▶ **WORK REQUIRED**:
Everything in the listing below except the pictures should be reproduced exactly.

▶ **DATA BELOW**:
----------------------------------------

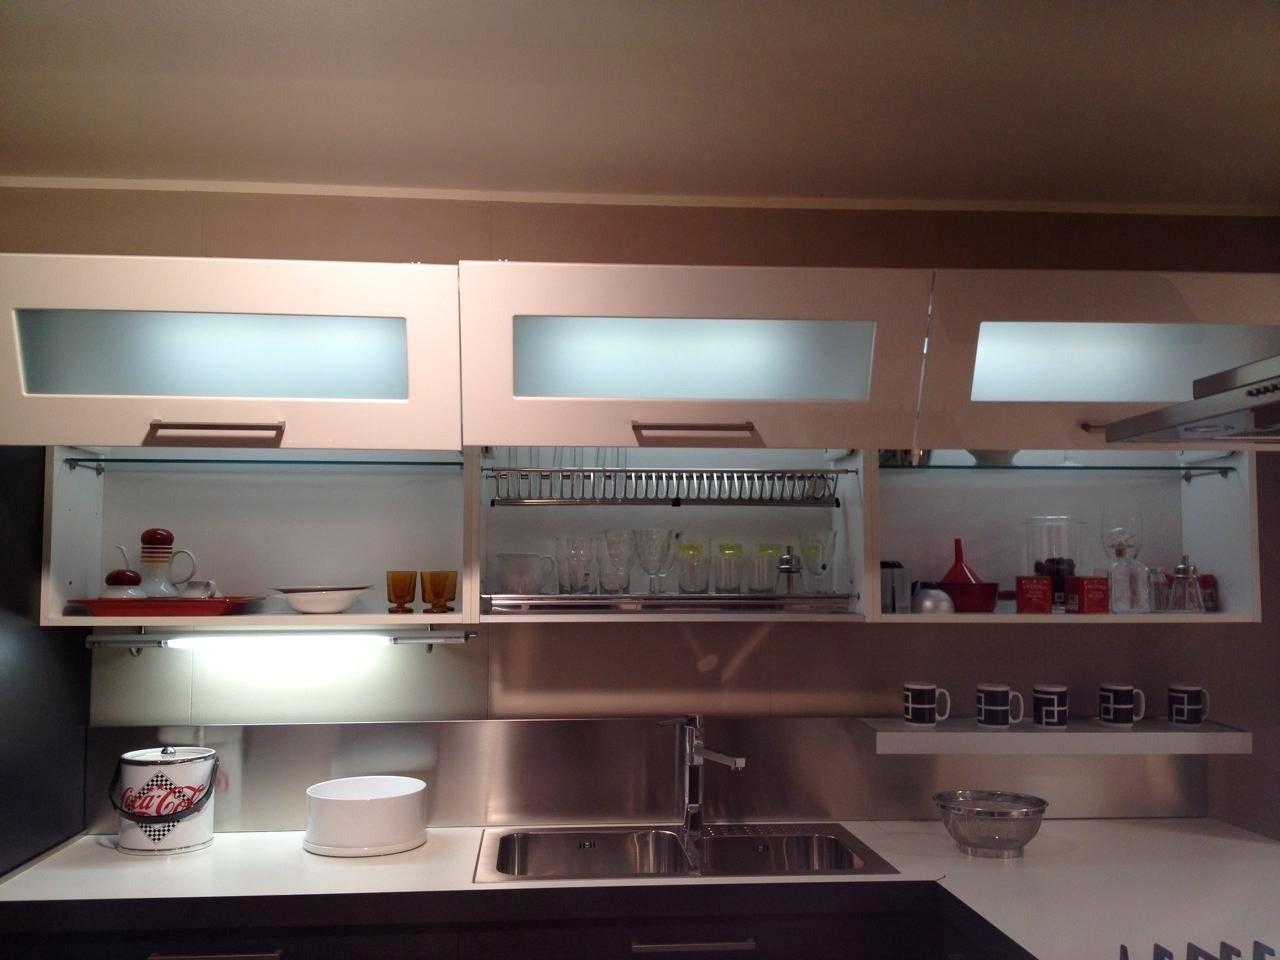 Programma per comporre cucine best camerette programma - Programma per arredare casa gratis ...
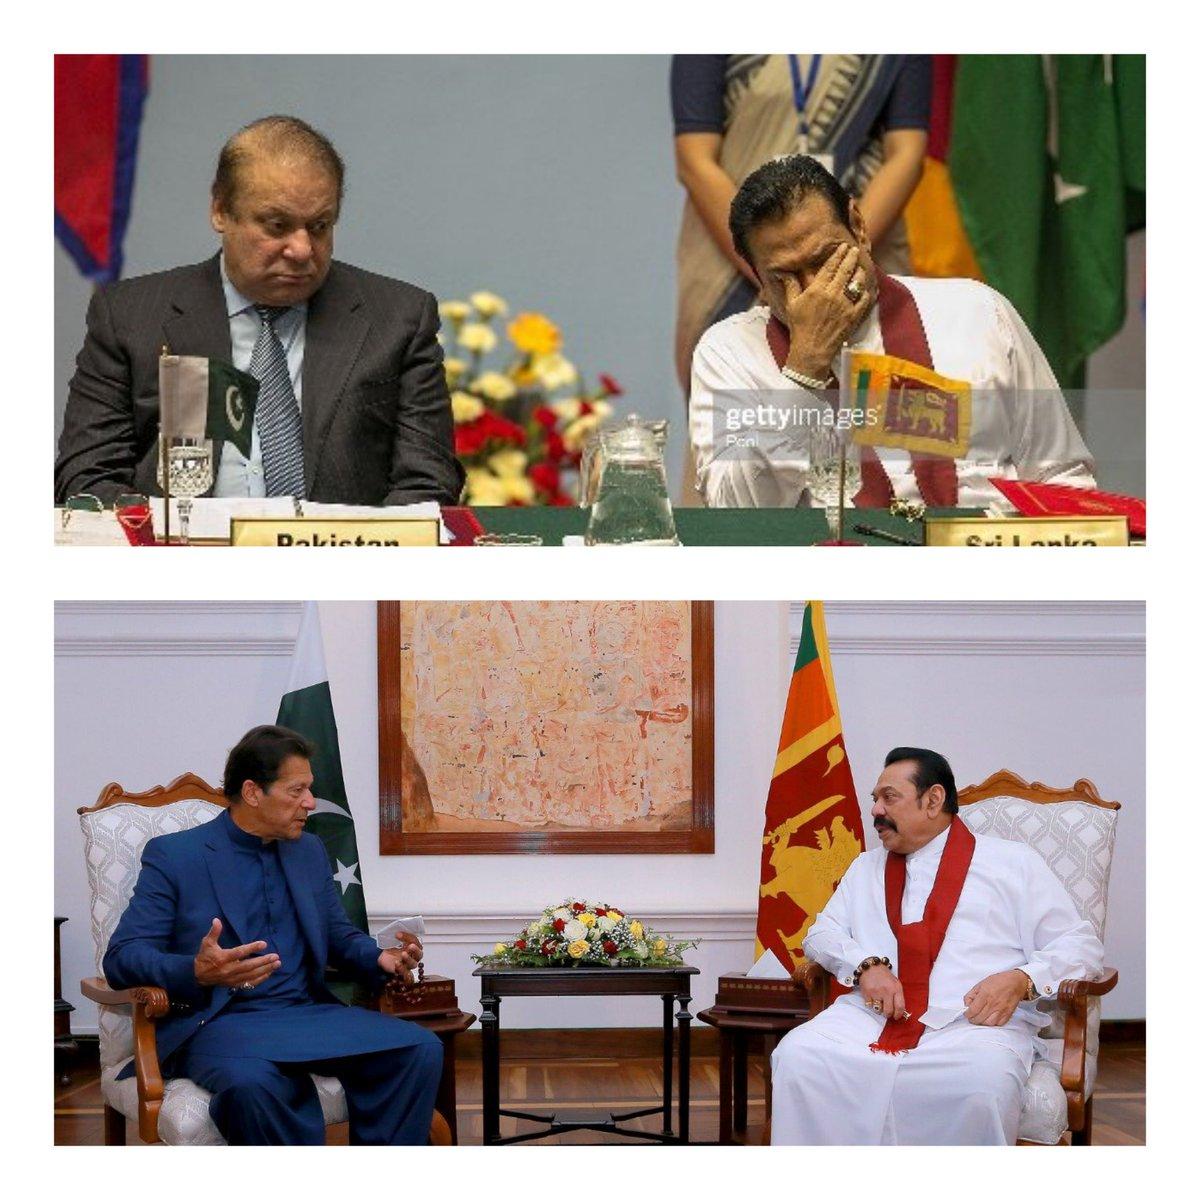 فرق صاف ظاہر ہے #ImranKhan #SriLanka @PTIofficial
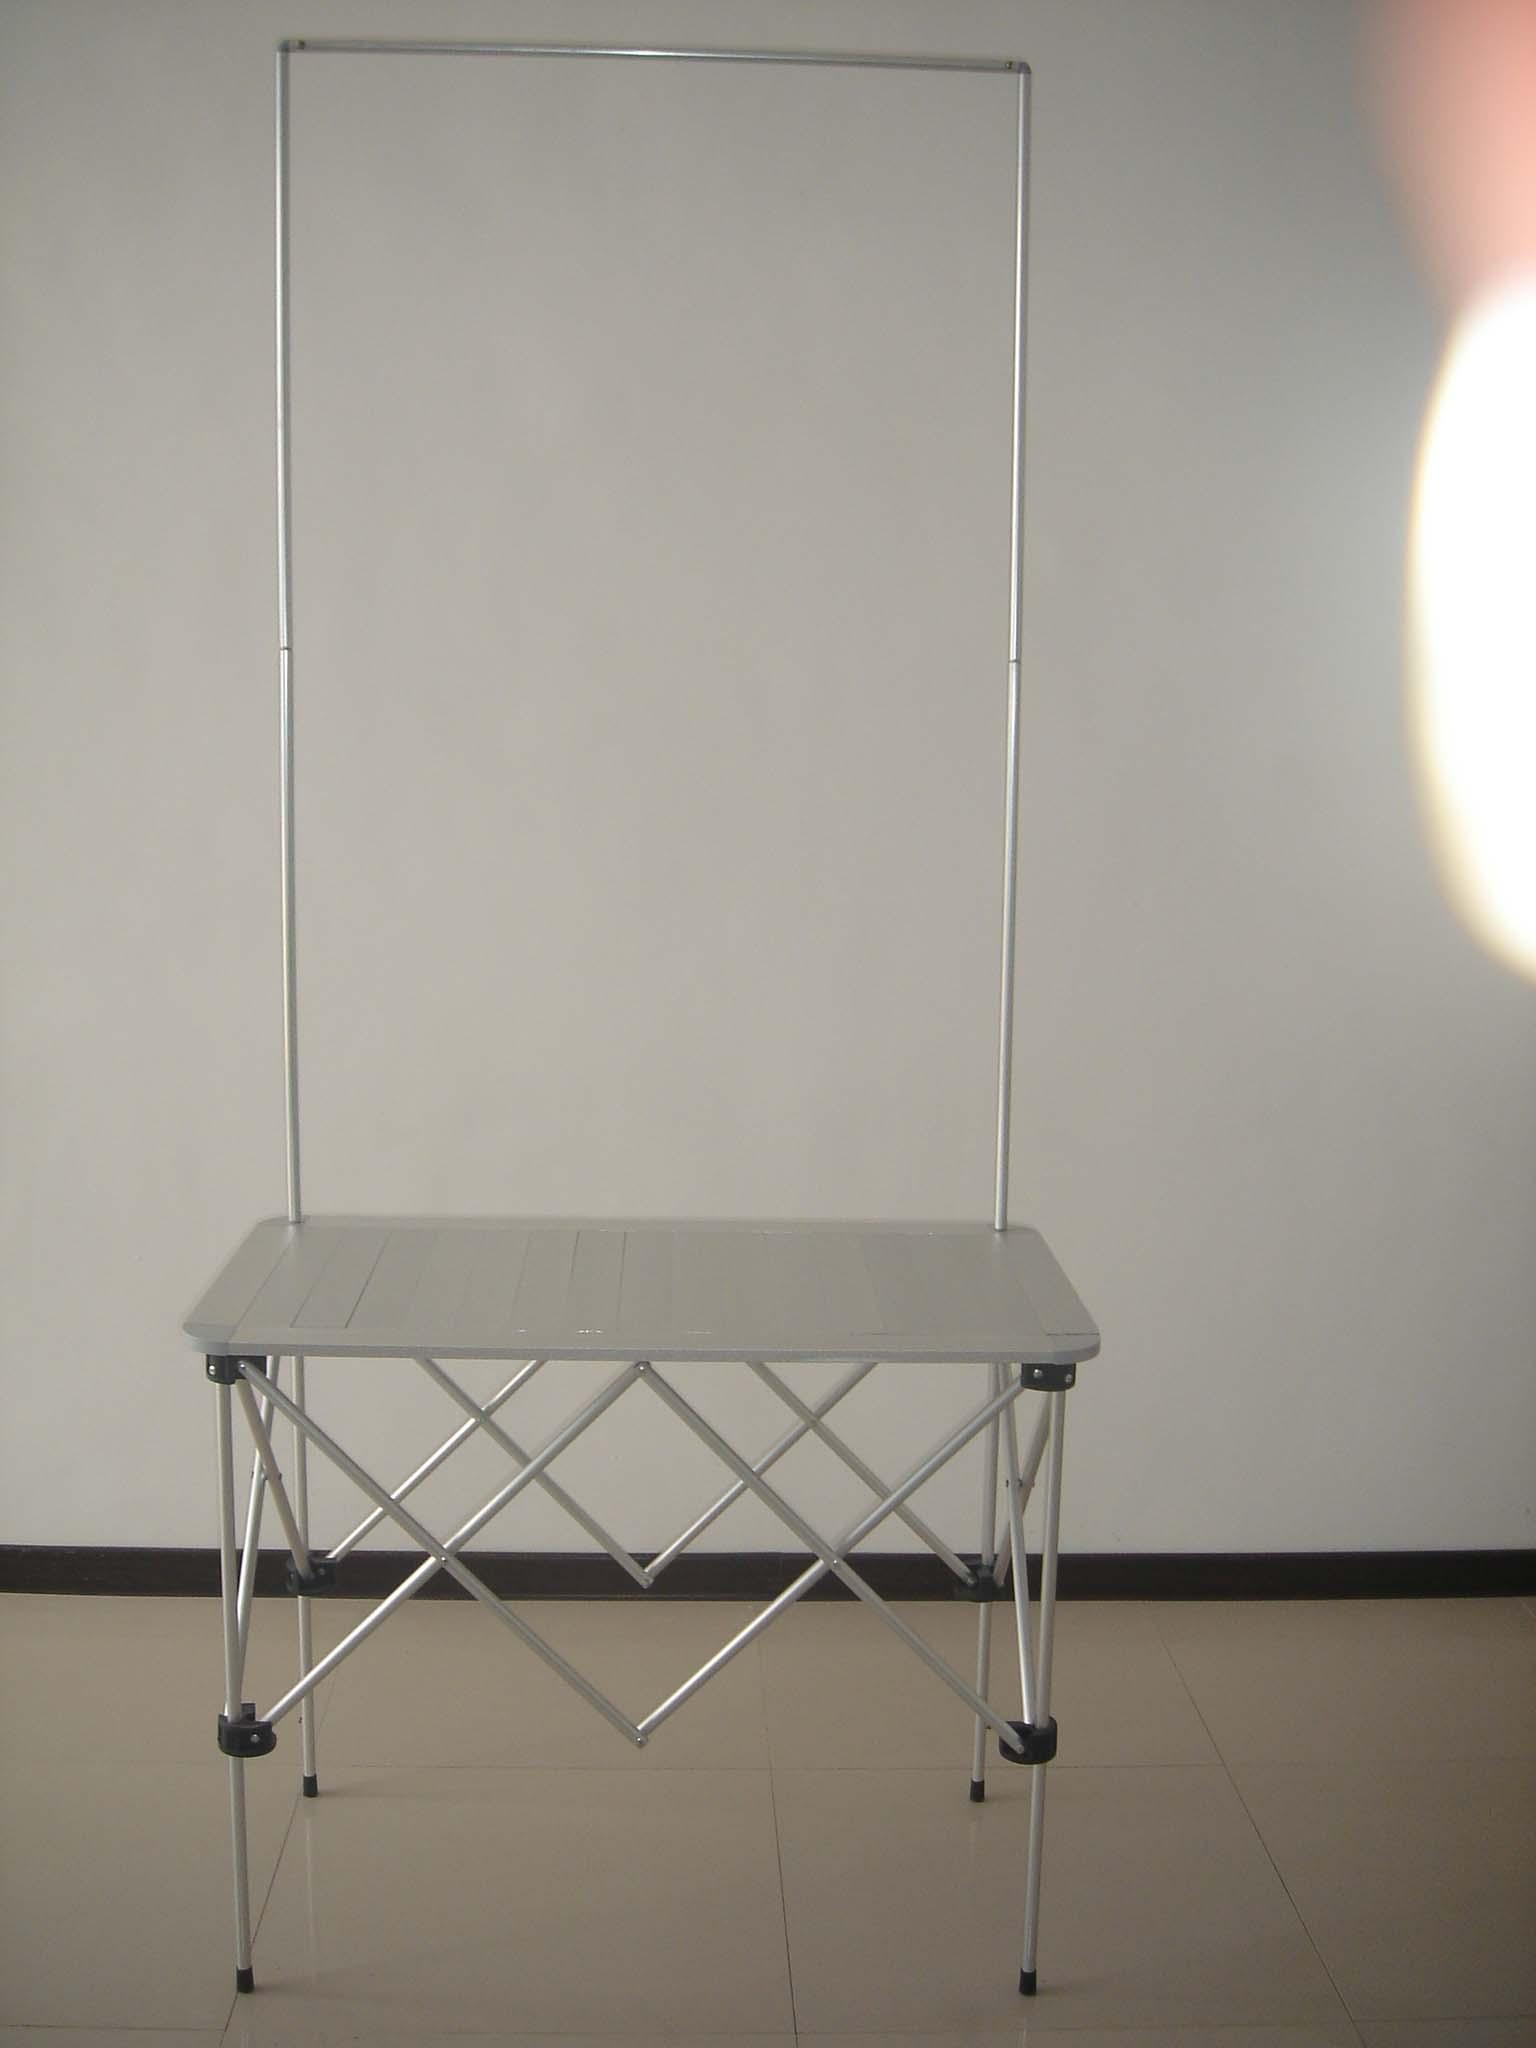 供应全铝折叠促销台全铝折叠促销桌

----------------------------------------

▶ **RESULT OF THE TASK**:
 Programma per comporre cucine best camerette programma - Programma per arredare casa gratis ...
 فرق صاف ظاہر ہے #ImranKhan #SriLanka @PTIofficial
 供应全铝折叠促销台全铝折叠促销桌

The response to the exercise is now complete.